Puerto Rican children's television series

Atención Atención (English: Listen Up Listen Up) is a Puerto Rican live-action/puppet children's television show and band formed in San Juan, Puerto Rico, in 1999 starring three costumed characters and their friends, the Atención Atención band. Atención Atención explores a specific theme in each episode, e.g. "Colors", "Friends" and "Means of transportation" through songs and short storylines in the half-hour program. Additionally, the show teaches children life and social skills, such as sharing and travels around the world with Vera, the traveling flea. It also encourages viewers to move along with and dance with the characters in the program.
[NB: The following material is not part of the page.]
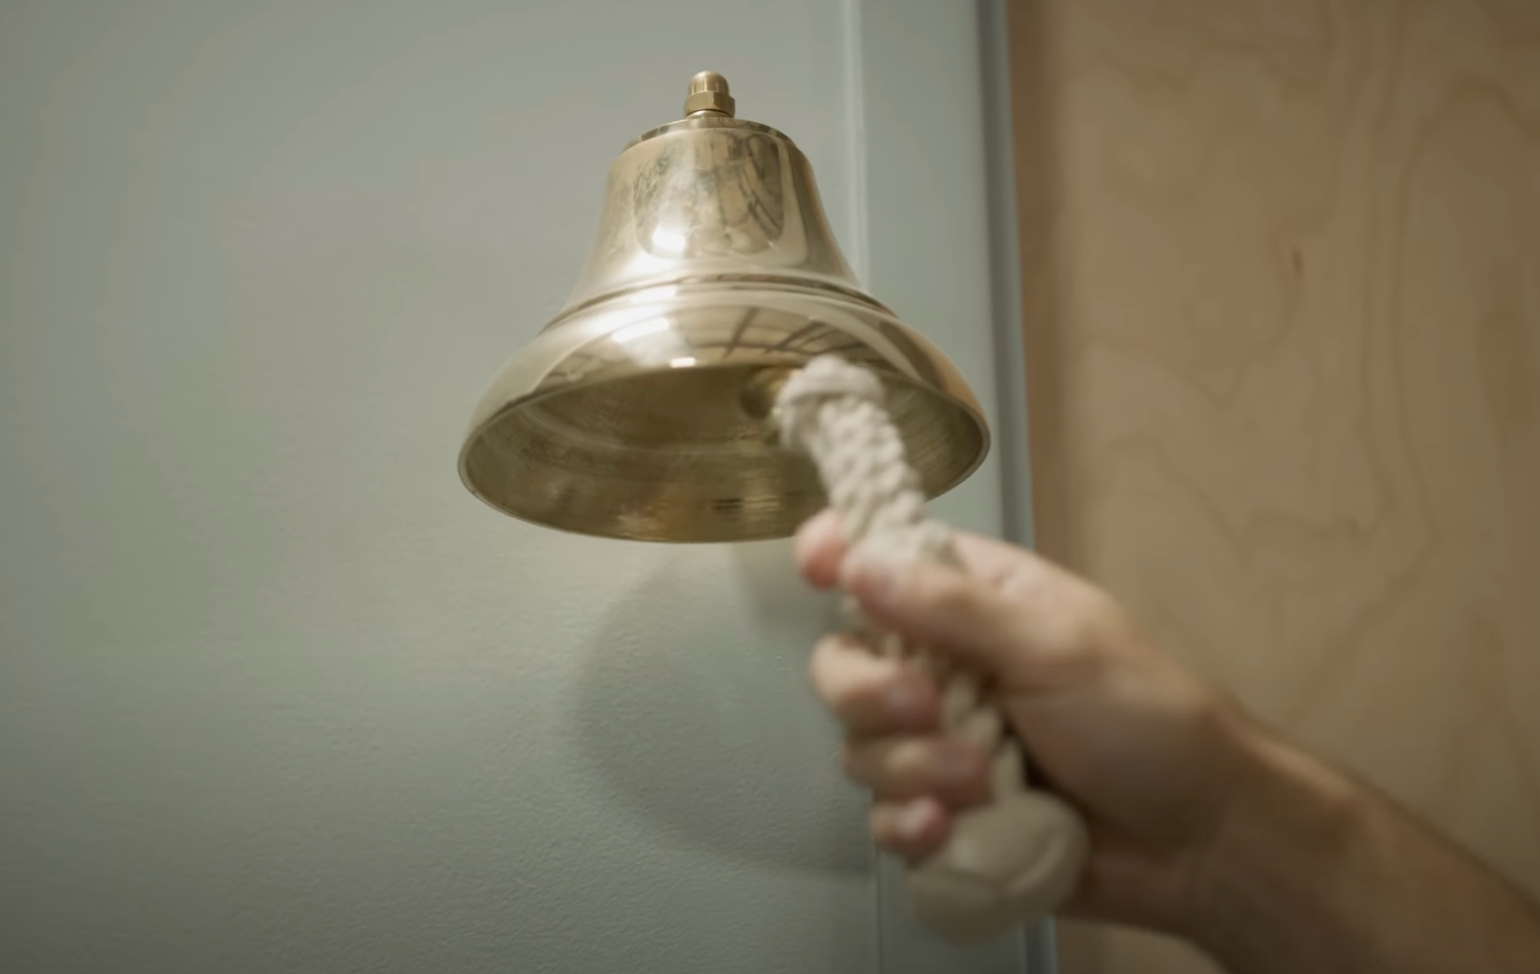 ringing bell for pergola order

It all started in 1999 giving music workshops to kindergarten teachers in Puerto Rico and Dominican Republic and with Víctor Rivera's vision of a live action TV show that was a cross between Sesame Street and MTV, the band filmed their first DVD in 2007.

== Members ==

Atención Atención band
- Víctor M. Rivera – Voice and musical director (1999–present)
- Stephanie Mercado "Clara" – Voice and transverse flute (2009–present)
- Nelson Camacho – Bass (2005–present)
- Denes Pagan – Guitar (2021–present)
- Luis Seguinot – Drums (2013–present)
- Janice Maisonet – Sax (2014–present)
- Meliana González – Piano (2019–present)

Characters
- Sr. Sapo
- Johnny el Lagartijo
- Tito Angelito
- Vera la pulga viajera
- Cillo el duende
- La Brujita Tapita
- Makako Mono

== Recognitions ==
Atención Atención had 52 nominations to the Emmy Award Suncoast Chapter and is winner of twenty-seven statuettes in different categories:
- Best Audio in 2011
- Best Educational Program in 2012
- Best Children Program, Best Post Production Director and Best Audio in 2013
- Best Animation, Best Music and On-Camera Talent in 2014
- Best Audio and Best Live Director in 2015
- Best Educational Program, Best Animation, Best Post Production Director, Best Script, Best Graphics, Best Art director and Best Technical Achievement in 2016
- Best Animation, Best Post Production Director, Best Graphics and Best Technical Achievement in 2017
- Best Children Program, Best Animation, Best Editor and Best writer in 2018
- Best Commercial (Single Spot) and Best Graphics Arts in 2022

On November 21, 2013, the band was nominated for a Latin Grammy award for Best Children's Album with Vamos a bailar.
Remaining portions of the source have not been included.